Con orígenes en la antigua provincia de Shinano, la zona que se convertiría en la moderna Hakuba albergaba poco más que aldeas dispersas. Durante el período Edo, pertenecía al Dominio Matsumoto, conectado con la "Ruta de la Sal" que transportaba productos marinos desde el puerto marítimo de Itoigawa, en la provincia de Echigo, a través de las montañas hasta los mercados del interior. Bien entrada la era Meiji, densos bosques protegían las empinadas laderas: un censo de 1881 contabilizó tan solo treinta y un hogares. La aldea actual surgió el 30 de septiembre de 1956, cuando se fusionaron las aldeas de Hokujo y Kamishiro. Una prueba más reciente de resiliencia se produjo el 22 de noviembre de 2014, cuando un terremoto de magnitud 6,7, cuyo hipocentro se situó a cinco kilómetros de profundidad, provocó derrumbes parciales en edificios residenciales, hirió a cuarenta y un habitantes e interrumpió las conexiones ferroviarias y por carretera. Sorprendentemente, la infraestructura hotelera y de esquí sufrió daños mínimos, y el turismo se reanudó rápidamente.

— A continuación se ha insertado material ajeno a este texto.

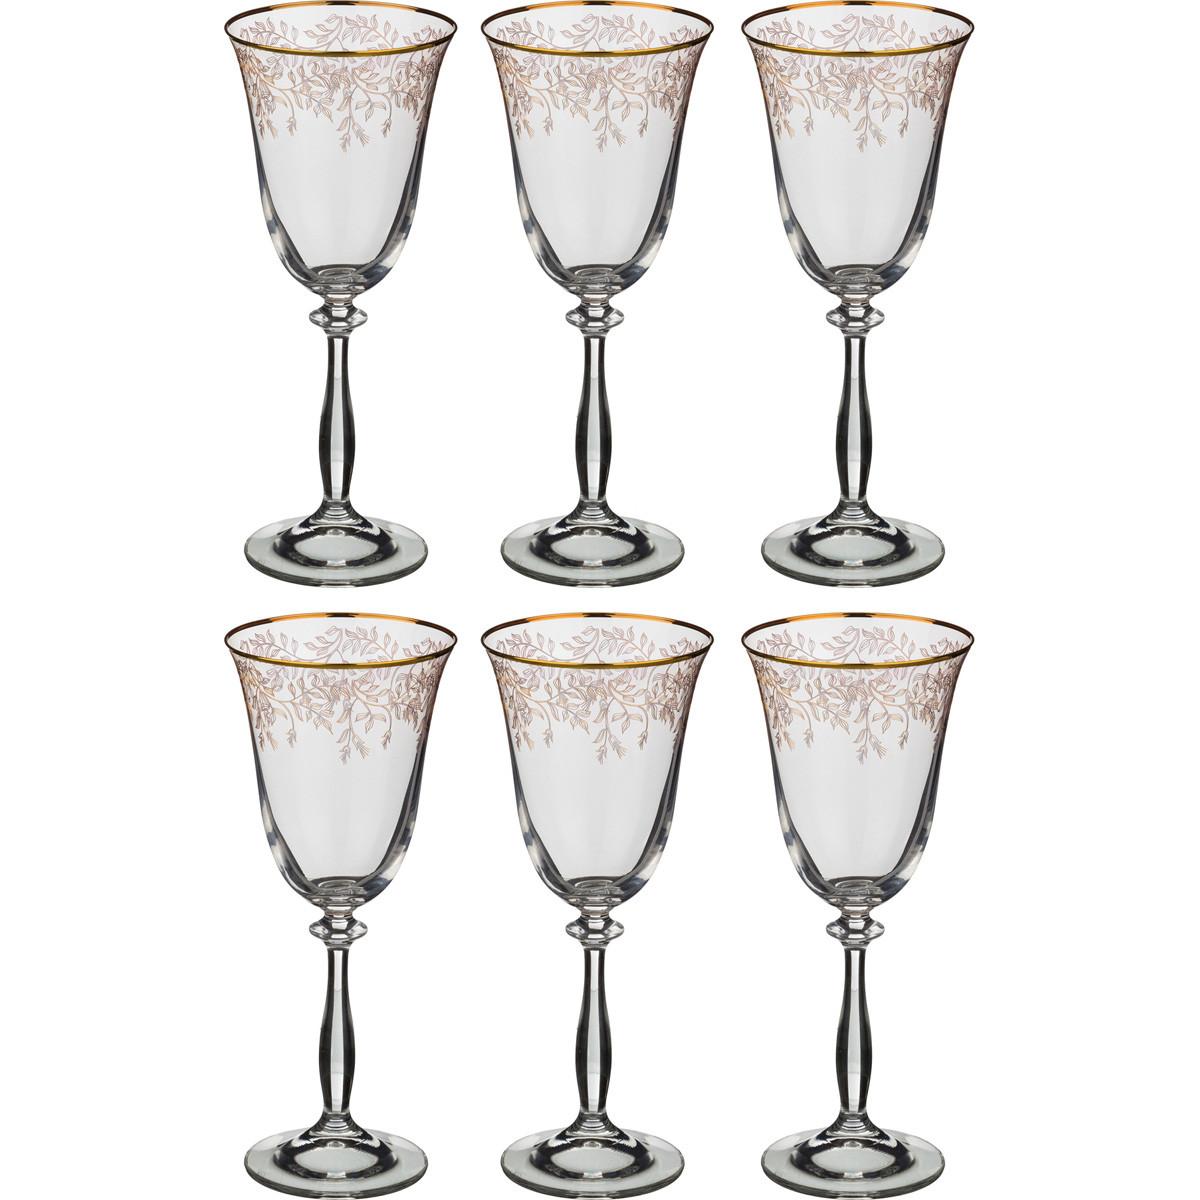 {} Bohemia Crystal Набор бокалов для вина Olivia  (22 см - 6 шт) набор бокалов для бренди коралл 40600 q8105 400 анжела

El turismo constituye el pilar económico de Hakuba. En invierno, diez estaciones independientes —Cortina, Norikura, Tsugaike Kogen, Iwatake, Happo‑One, Hakuba 47, Goryu, Sanosaka, Kashimayari y Jigatake— se extienden por 960 hectáreas de terreno esquiable, con más de 137 kilómetros de pistas. Aunque la mayoría de las zonas no están conectadas por pista, un único forfait permite el acceso a todas ellas, con la ayuda de autobuses lanzadera gratuitos. Hakuba 47 y Goryu comparten pistas interconectadas, al igual que Cortina y Norikura. Con 135 remontes, incluyendo cinco telecabinas, la red acoge a esquiadores y snowboarders de diferentes niveles. Los principiantes e intermedios encontrarán pistas anchas y de suave pendiente, mientras que los aficionados más avanzados podrán probarse en pronunciados descensos en línea o aventurarse en campos de nieve de montaña.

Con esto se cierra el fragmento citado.